Sort mesh face indices

I have a mesh generated by Tomohiros’ freeform origami imported as .obj in Rhino and Gh. There are total 40 mesh faces and they are pretty much sorted in the way I want up until index 30 - after that it all starts to get funky. Optional question: Does anyone know what could be a reason for this sort of semi-ordered behavior?

Real problem is that I want to sort the mesh, or at least find a way to manually swap indices of faces and get them in order. Suggestions?



if you can do it manually once you might try this:

_Unweld with an angle value of zero, then _Explode, deselect everything and _Join the mesh pieces in the desired order by picking one by one. Once done use _Weld with an angle value of 180.


1 Like

Nice! Didn’t think of making changes in initial geometry…

Just solved it with simple split list and insert item in GH. I had to type in indices manually but it does the trick. Maybe someone with more elegant solution?

Anyway, thanks @clement!

Attach your mesh, you can sort along curve (naked edges)

1 Like

In general mesh faces are enumerated NOT the way that you expect.

For this particular example you can use connectivity DataTrees (FF, FV etc) and do the job. It’s rather simple given the fact that you have 3 classes of vertices (naked, clothed with valence 6 and the one with valence 10) … or impossible if you are not familiar with what a connectivity tree is. Since we have vertices, edges and faces there’s 9 possible combos for these trees.

Given the opportunity: V for conn trees stands for Topology vertices indices and NOT vertices indices (V indices are related with mesh Normal indices) whilst E stands for Topology edges indices and F is just face indices (related with mesh face normals as well).

You can “convert” a TV index to V index and visa versa.

Where can I learn about connectivity trees? Any good resource?

1 Like

Not sure … but I guess that in the old GH Forum must be some related stuff around. That said I had many CT cases made with native components (for helping users from time to time) but in a recent clean-up I’ve removed them all leaving only defs made 100% via code (which I guess is not what you are after).
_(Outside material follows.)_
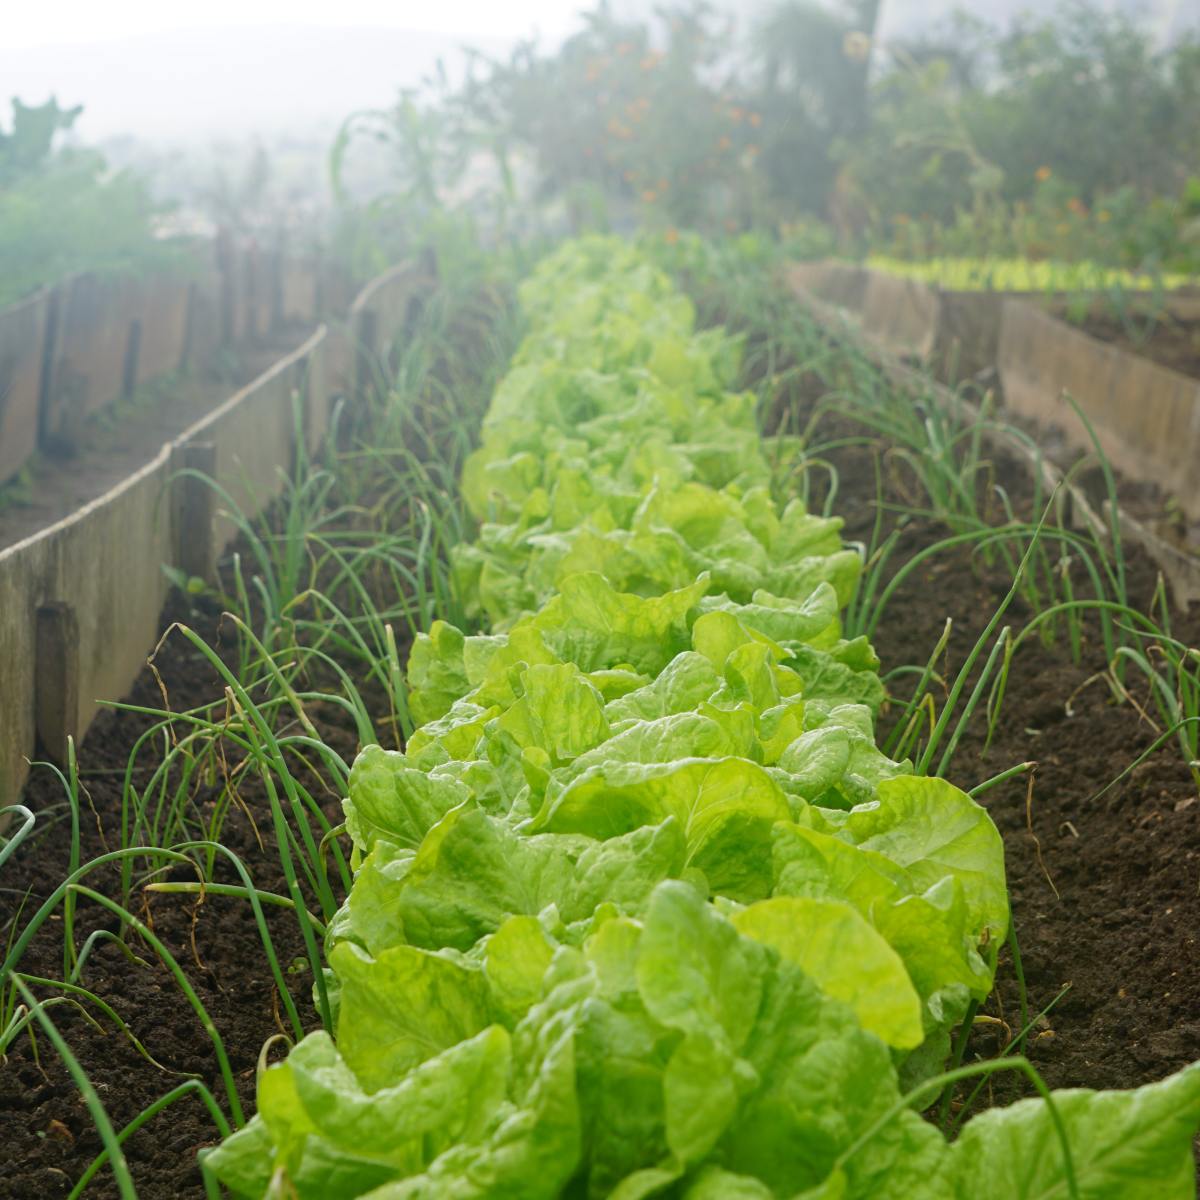 7 Reasons to Grow Your Own Organic Vegetable Garden

That said Sandbox does some connectivity stuff > try to get the gist of the whole thing using it against graphs, breps or meshes.

A CT (“connecting” ListA and ListB - these may be the same, mind) is an int type of tree where branch indices come from ListA and items are incides from ListB.
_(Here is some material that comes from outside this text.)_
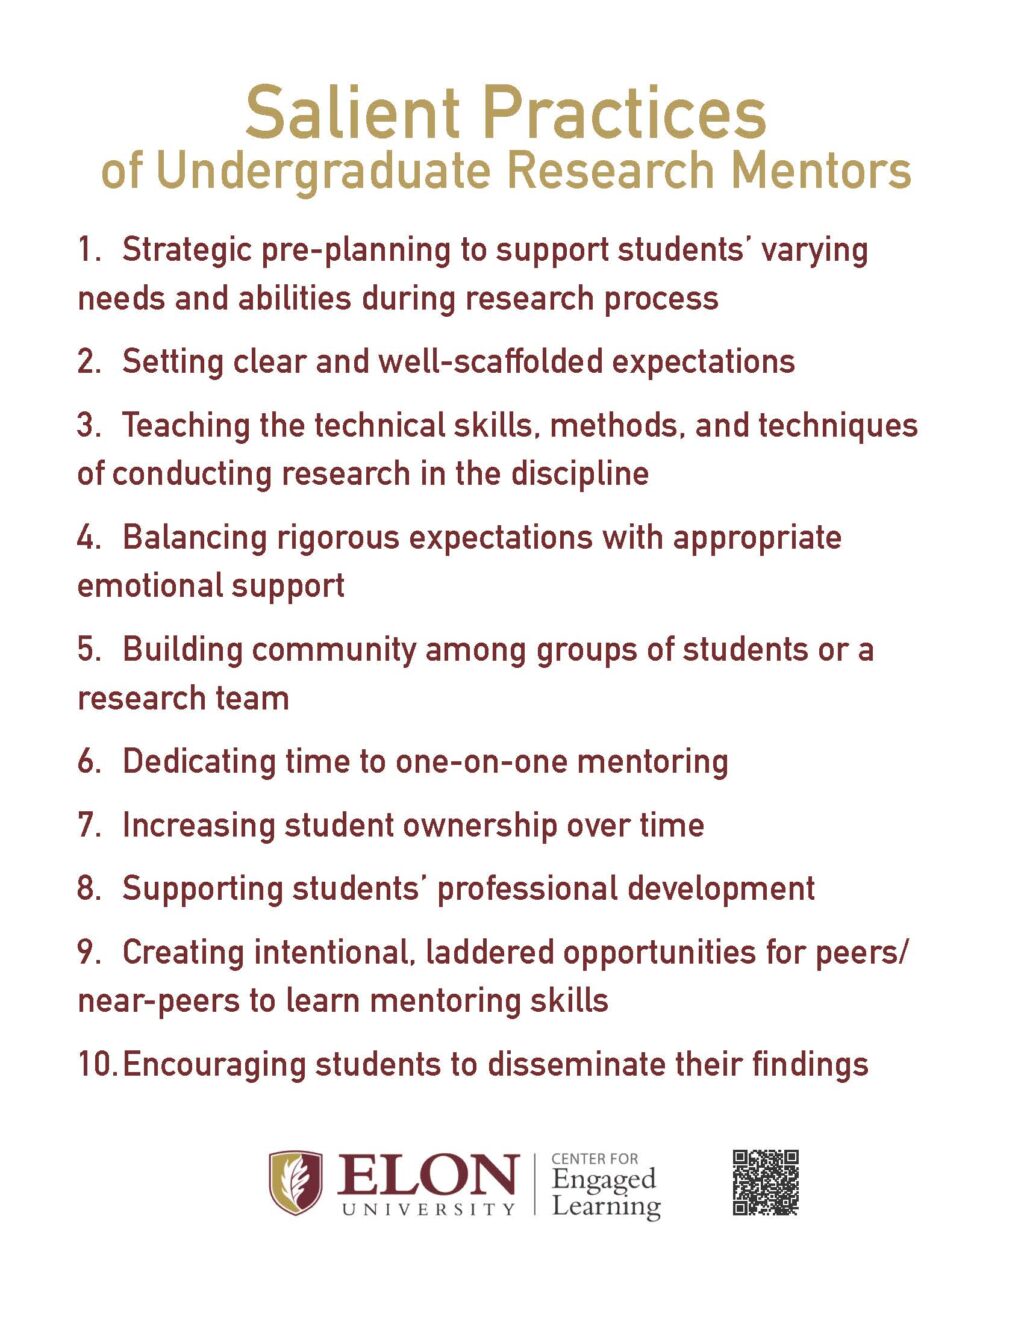 Image version of a printable list of the ten salient practices of undergraduate research mentors.

For instance a FF mesh tree works against a meshFace List (A=B) and tells you which face (by index) has adjacent faces (also by index). A VV tree does the same working onTopology Vertices. A FE tree relates Faces to adjacent edges (A = Faces, B = Topology Edges) , A EF tree does the inverse , meaning that if a given Edge has 1 adjacent Face … it’s a naked one.

BTW: Sandbox fails to deliver (i.e. the 2 dimension CT trees that one expects) IF Lists are used: first dim must be the index of a given mesh in the mesh List and the second dim the index of some V/E/F (for that mesh).

See what it reports against a 5 mesh List (hard to understand what these CT trees mean):

Here’s how it should be done (via code):

So for your tests against CT and if you use Sandbox don’t use Lists.


thanks for the reply. I understand the logic behind CT, and I can see what are the shortcomings of Sandbox. Unfortunately I’m not that fluent with scripting so that I can write the whole thing by myself from scratch. I used M+ plugin to get the topological relationships between E’s & F’s. I don’t mind using and modifying scripts, but this time this was much faster.


Thanks for help and intro to the field of CT’s. I believe I’ll be dealing with this sort of things in future…

Appears that there’s light at the end of the tunnel. BTW: If at some later time you are ready for the right thing (or you need some sort of help)… drop a word.